According to Stefan Leijnen and Liane Gabora, Social scientists at the University of British Columbia in Canada, who created a model which simulates how ideas spread; creative solutions can only spread if they are adopted by other individuals. Imitators play a key role spreading the successful strategies in other generations.
In addition, Leijnen and Gabora find out that to maximize the benefits of creativity in our society, no more than 30% of people should create while the rest imitates. In other words, we should spend less than 50% of our time being creative.
Many people believe that creativity cannot be learned that is inherent in each one of us. Nevertheless, they are wrong. As well as many skills creativity can be learned and developed. How do you learn?
The Social Learning Theory (Bandura) states that people learn through observing others’ behavior, attitudes, and outcomes of those behaviors. Likewise, Yale University researchers find out that imitation is one of the primary ways that children, and adults, learn what to do. Moreover, while learning something new, people over-imitate others in the process of learning, even if they know there are better ways to achieve something. The role of imitation in our learning process can also be supported by the research of Judith Harris on tribal societies. She concluded that imitation is our natural way of learning.

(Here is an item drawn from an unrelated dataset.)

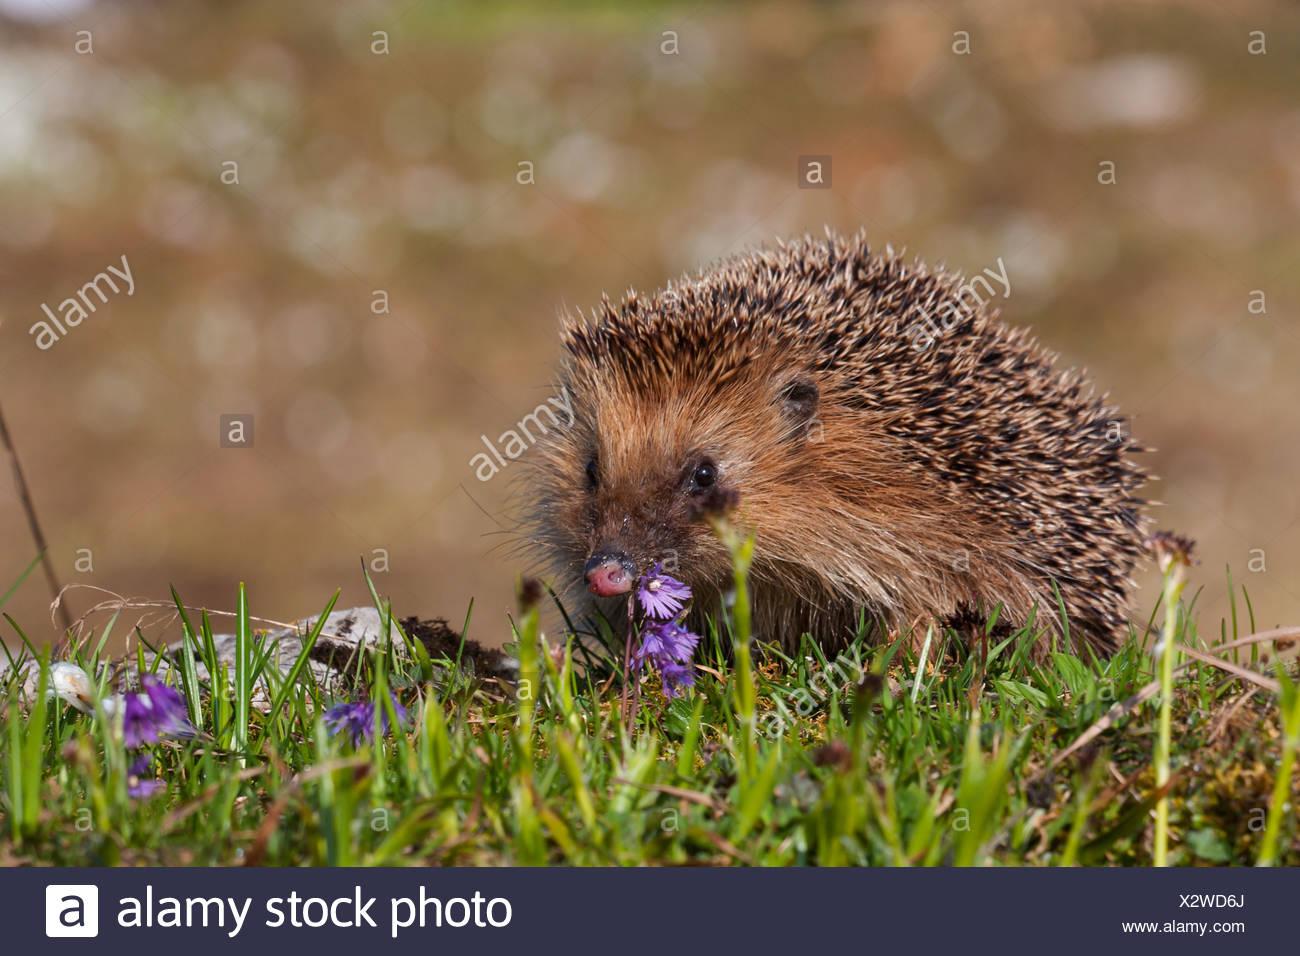 Western hedgehog, European hedgehog (Erinaceus europaeus), in a mountain meadow with snowbell, Switzerland, Alpstein, Schwaegalp - Stock Image

The problem reversal technique (a creativity technique) states that creativity is the result of fully understanding a concept. As Lao-tzu would say, "To lead, one must follow." For example, many business people read the biographies of successful business leaders, to learn how they succeed. Writers read and analyze the works of great writers. Frank Stella, an American painter, said: "One learns about painting by looking at and imitating other painters." Finally, those who want to develop their creativity; they read creativity techniques and imitate the processes that have worked for others until they find the method that best suits them, or they are able to develop their own method.
While the mere imitation and repetition do not generate innovation, their use encourages the development of skills and the transmission of knowledge through generations, which can give birth to creativity.